The tangent to [tex]r(\theta)=e^\theta[/tex] has slope [tex]\frac{\mathrm dy}{\mathrm dx}[/tex], where
[tex]\begin{cases}x(\theta)=r(\theta)\cos\theta\\y(\theta)=r(\theta)=\sin\theta\end{cases}[/tex]
By the chain rule, we have
[tex]\dfrac{\mathrm dy}{\mathrm dx}=\dfrac{\frac{\mathrm dy}{\mathrm d\theta}}{\frac{\mathrm dx}{\mathrm d\theta}}[/tex]
and by the product rule,
[tex]\dfrac{\mathrm dx}{\mathrm d\theta}=\dfrac{\mathrm dr}{\mathrm d\theta}\cos\theta-r(\theta)\sin\theta[/tex]
[tex]\dfrac{\mathrm dy}{\mathrm d\theta}=\dfrac{\mathrm dr}{\mathrm d\theta}\sin\theta+r(\theta)\cos\theta[/tex]
so that with [tex]\frac{\mathrm dr}{\mathrm d\theta}=e^\theta[/tex], we get
[tex]\dfrac{\mathrm dy}{\mathrm dx}=\dfrac{e^\theta\sin\theta+e^\theta\cos\theta}{e^\theta\cos\theta-e^\theta\sin\theta}=\dfrac{\sin\theta+\cos\theta}{\cos\theta-\sin\theta}=-\dfrac{1+\sin(2\theta)}{\cos(2\theta)}[/tex]
The tangent line is horizontal when the slope is 0; this happens for
[tex]-\dfrac{1+\sin(2\theta)}{\cos(2\theta)}=0\implies\sin(2\theta)=-1\implies2\theta=-\dfrac\pi2+2n\pi\implies\theta=-\dfrac\pi4+n\pi[/tex]

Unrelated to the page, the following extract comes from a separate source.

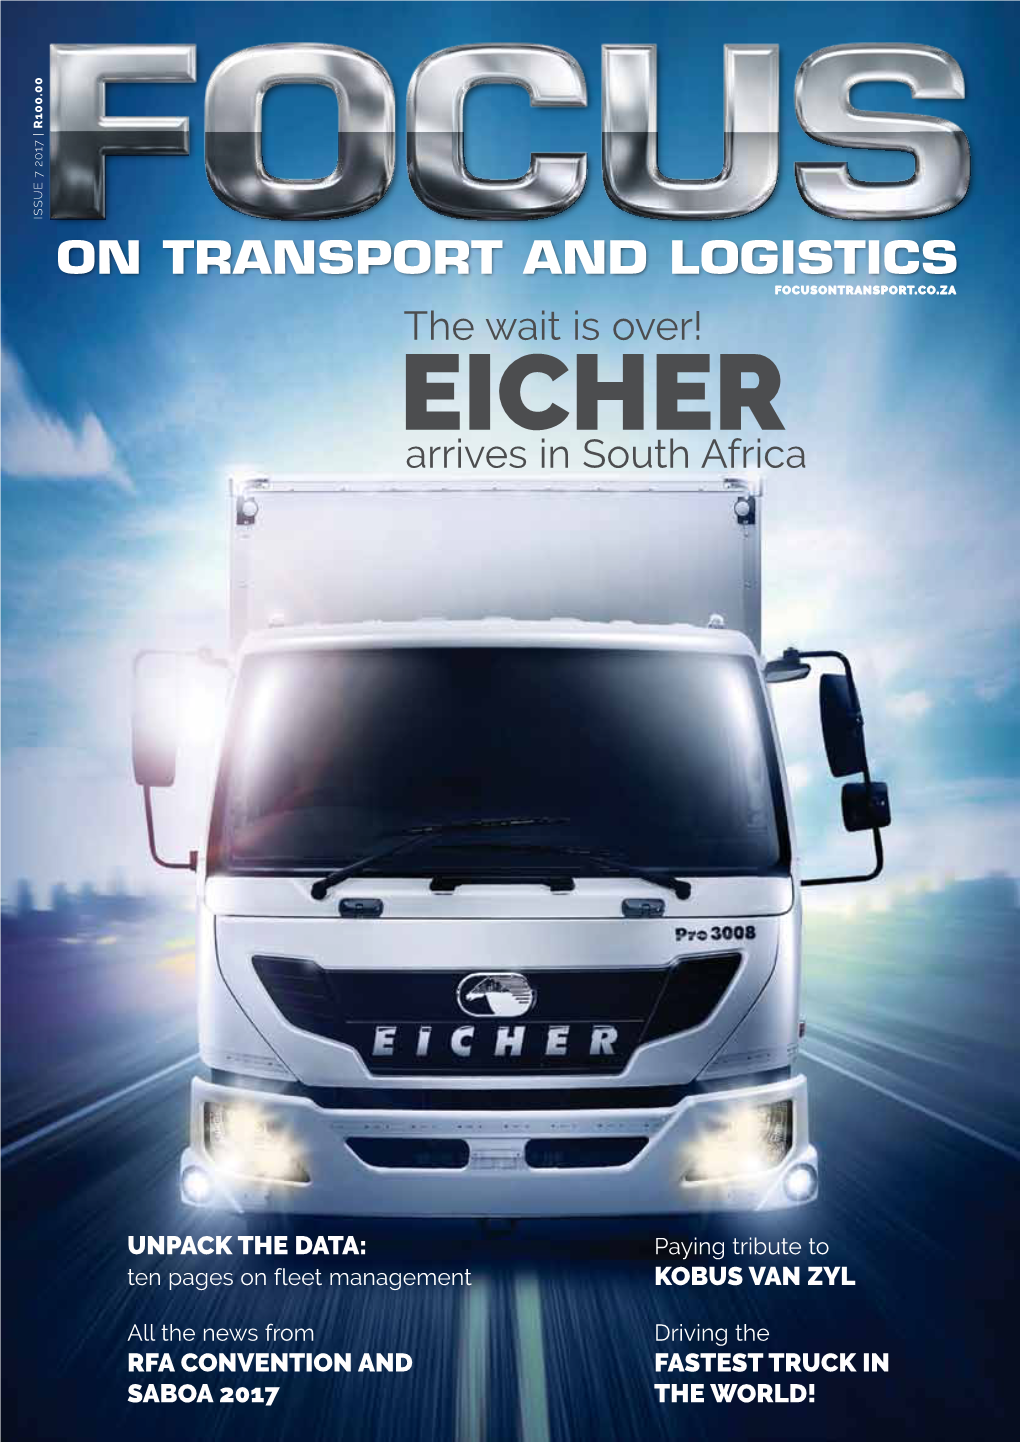 Eicher Arrives in South Africa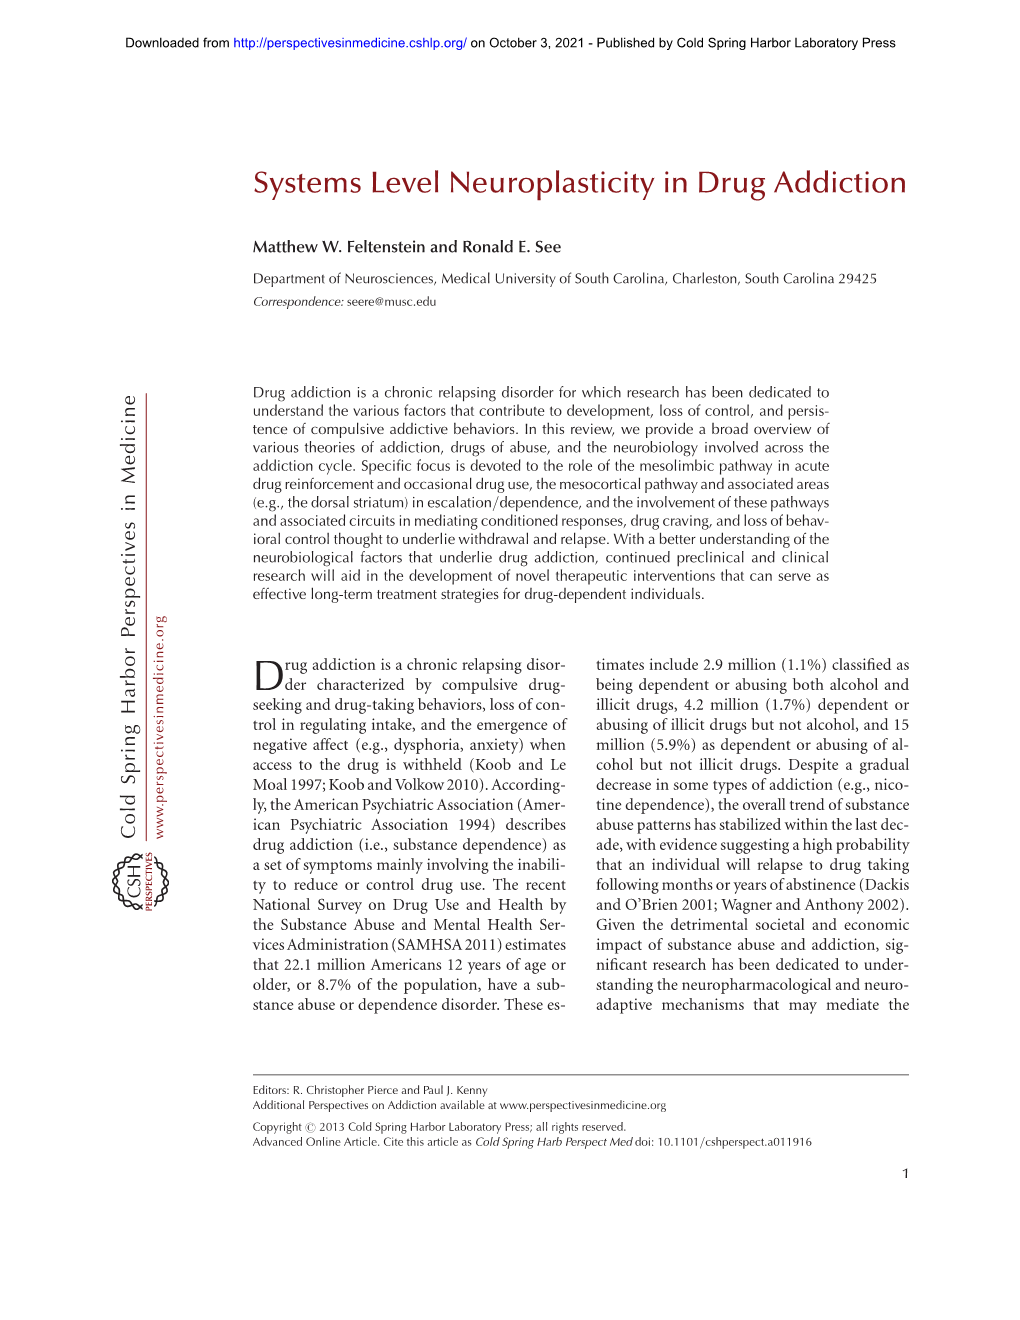 Systems Level Neuroplasticity in Drug Addiction

where [tex]n[/tex] is any integer. In the interval [tex]0\le\theta\le2\pi[/tex], this happens for [tex]n=1,2[/tex], or
[tex]\theta=\dfrac{3\pi}4\text{ and }\theta=\dfrac{7\pi}4[/tex]
i.e at the points
[tex](r,\theta)=\left(e^{3\pi/4},\dfrac{3\pi}4\right)[/tex]
and
[tex](r,\theta)=\left(e^{7\pi/4},\dfrac{7\pi}4\right)[/tex]